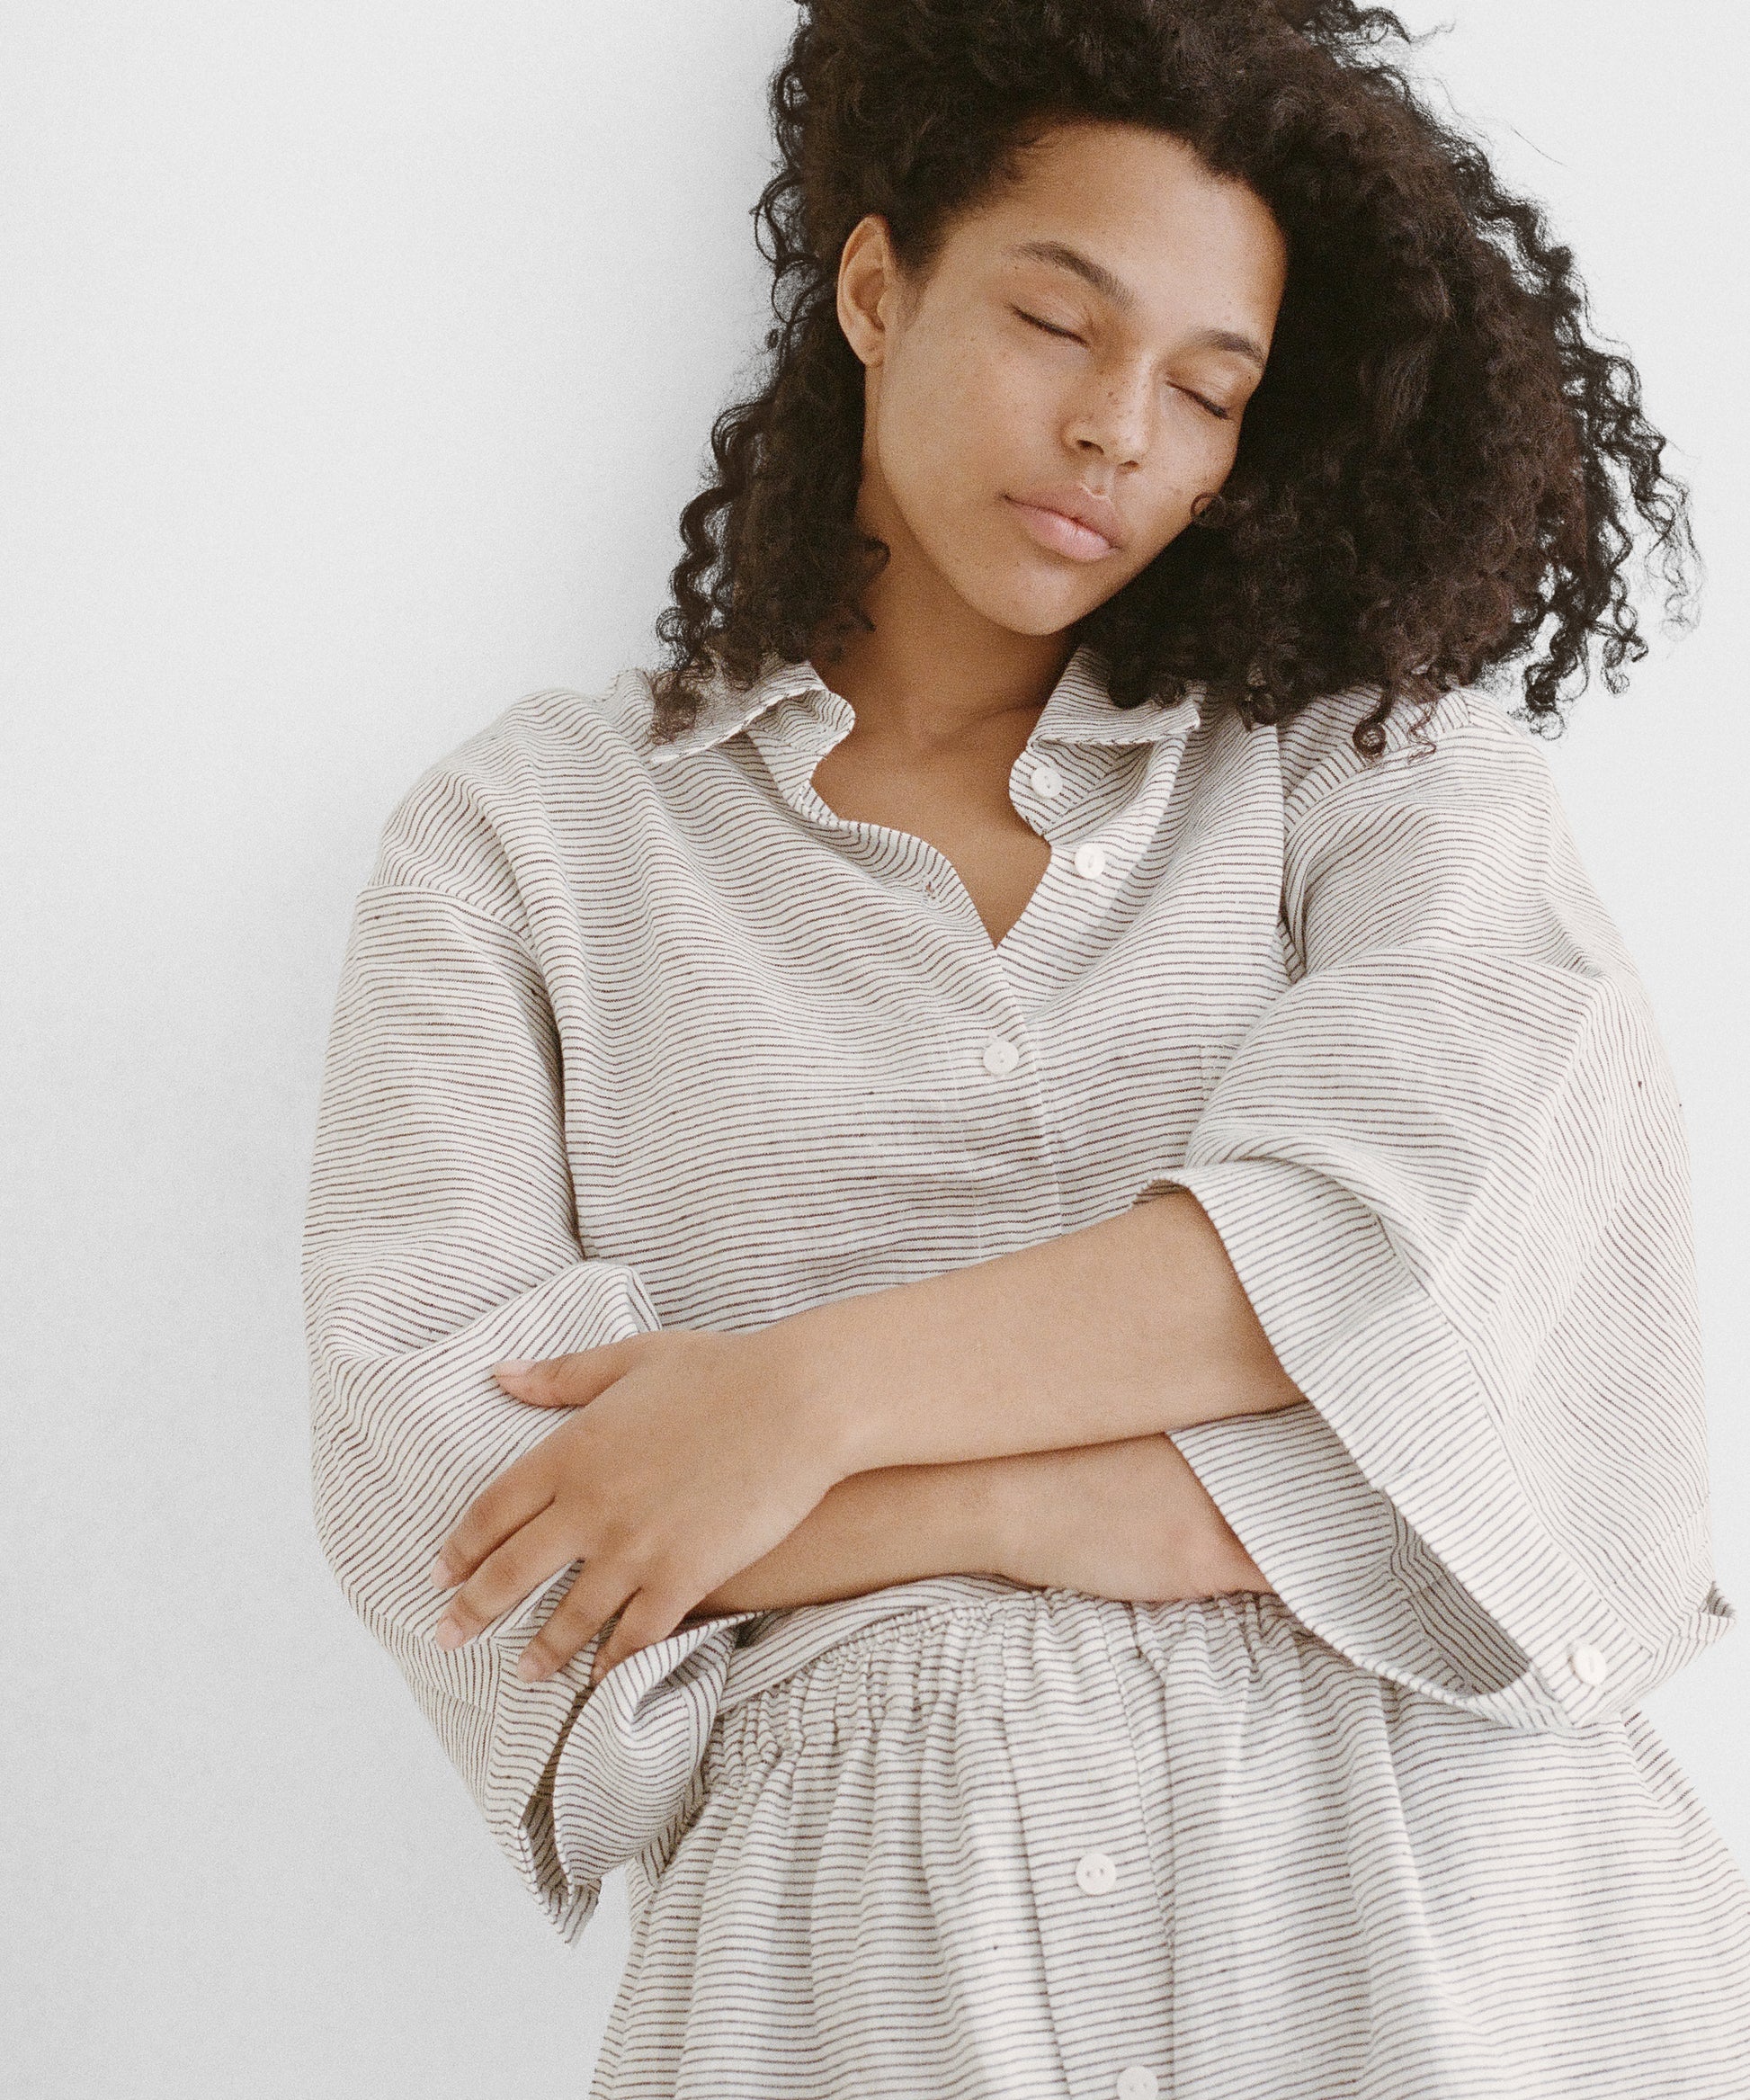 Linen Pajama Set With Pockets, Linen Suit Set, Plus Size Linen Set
***
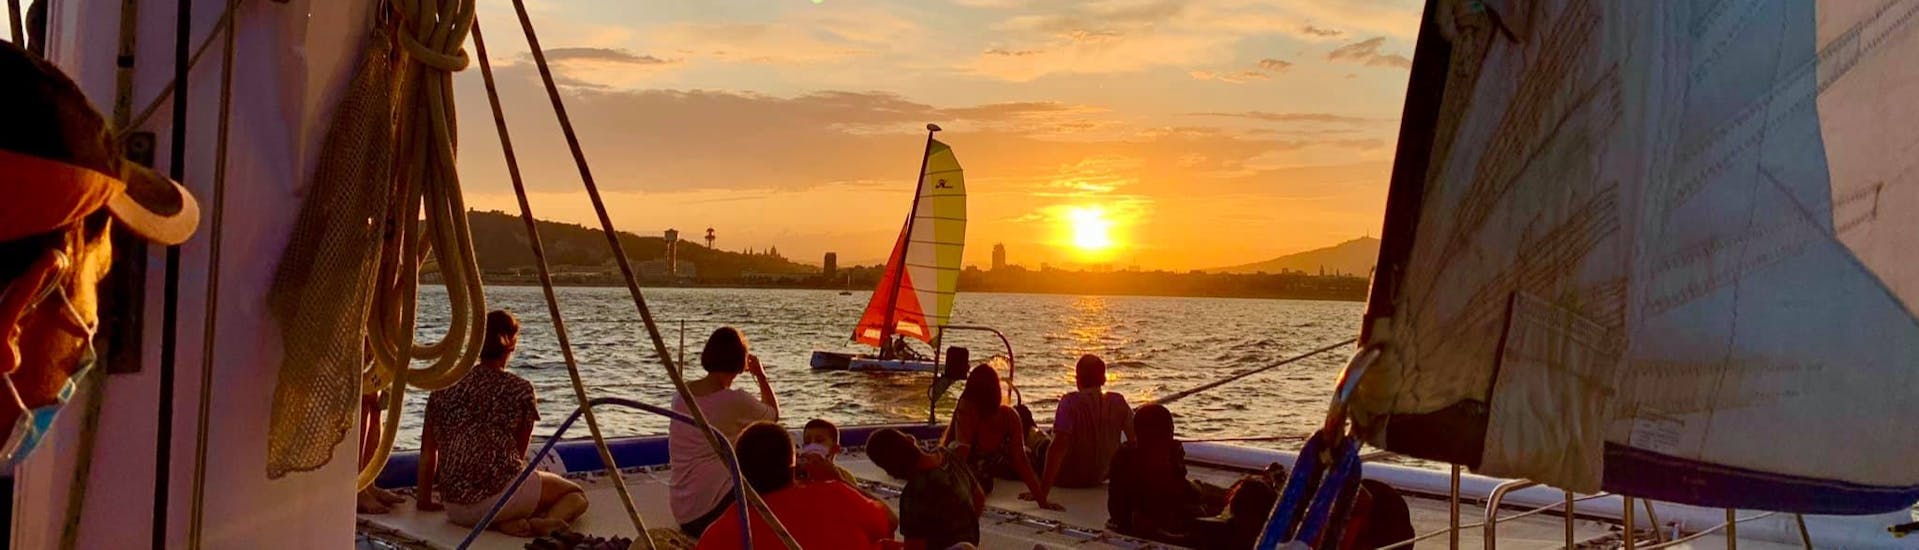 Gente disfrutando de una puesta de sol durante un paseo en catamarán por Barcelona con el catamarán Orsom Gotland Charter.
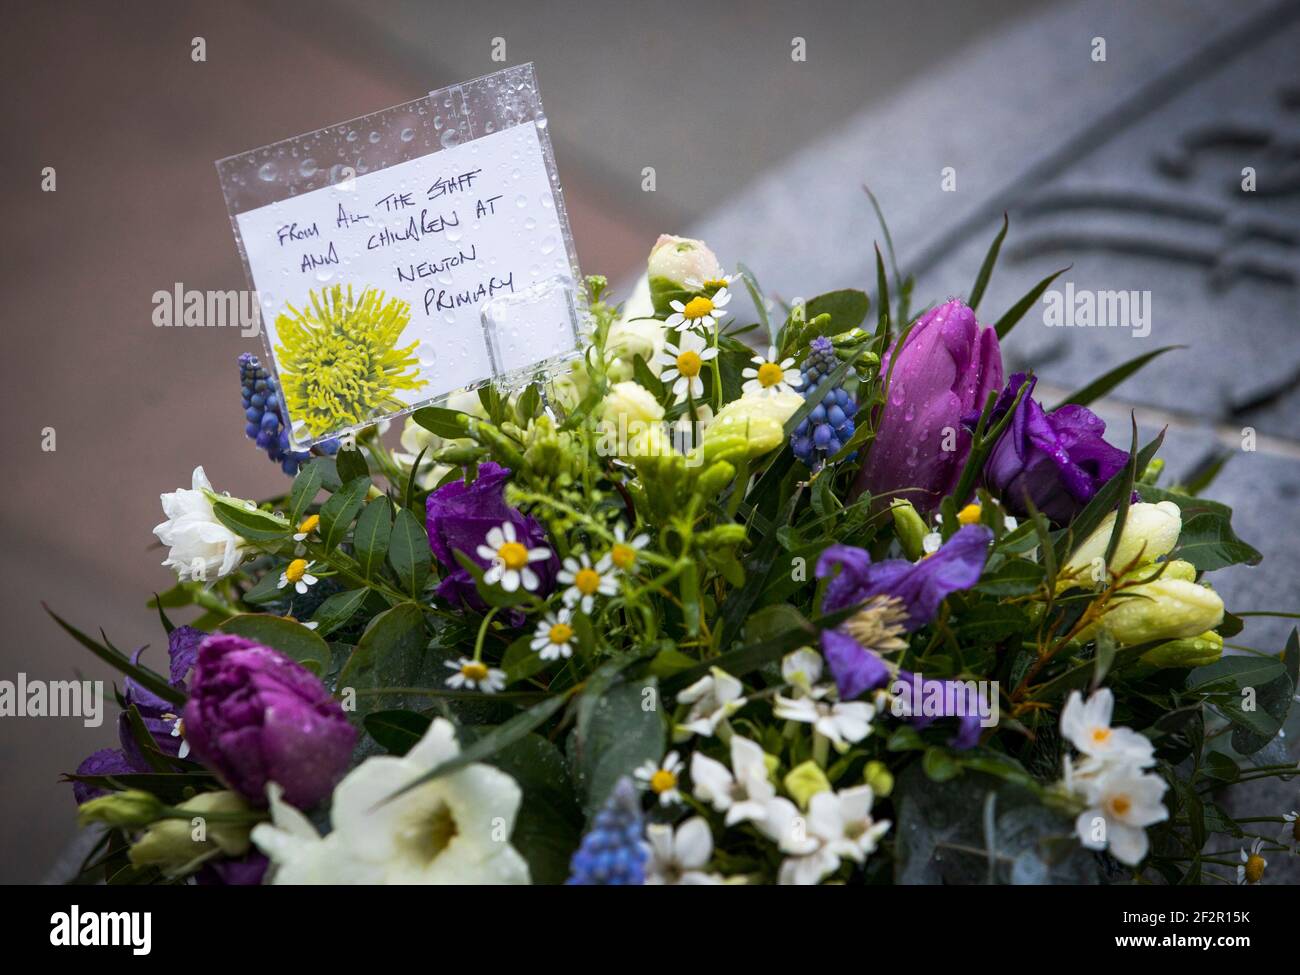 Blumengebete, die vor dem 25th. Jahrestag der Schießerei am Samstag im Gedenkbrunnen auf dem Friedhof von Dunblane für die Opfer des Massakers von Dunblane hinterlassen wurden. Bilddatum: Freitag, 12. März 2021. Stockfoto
***
> Task brief:
For this task, return exactly the stretch of the listing above from the line with "Gente disfrutando de" through the line with "Blumengebete, die vor", inclusive and without pictures.

> Problem solution:
 Gente disfrutando de una puesta de sol durante un paseo en catamarán por Barcelona con el catamarán Orsom Gotland Charter.
 Blumengebete, die vor dem 25th. Jahrestag der Schießerei am Samstag im Gedenkbrunnen auf dem Friedhof von Dunblane für die Opfer des Massakers von Dunblane hinterlassen wurden. Bilddatum: Freitag, 12. März 2021. Stockfoto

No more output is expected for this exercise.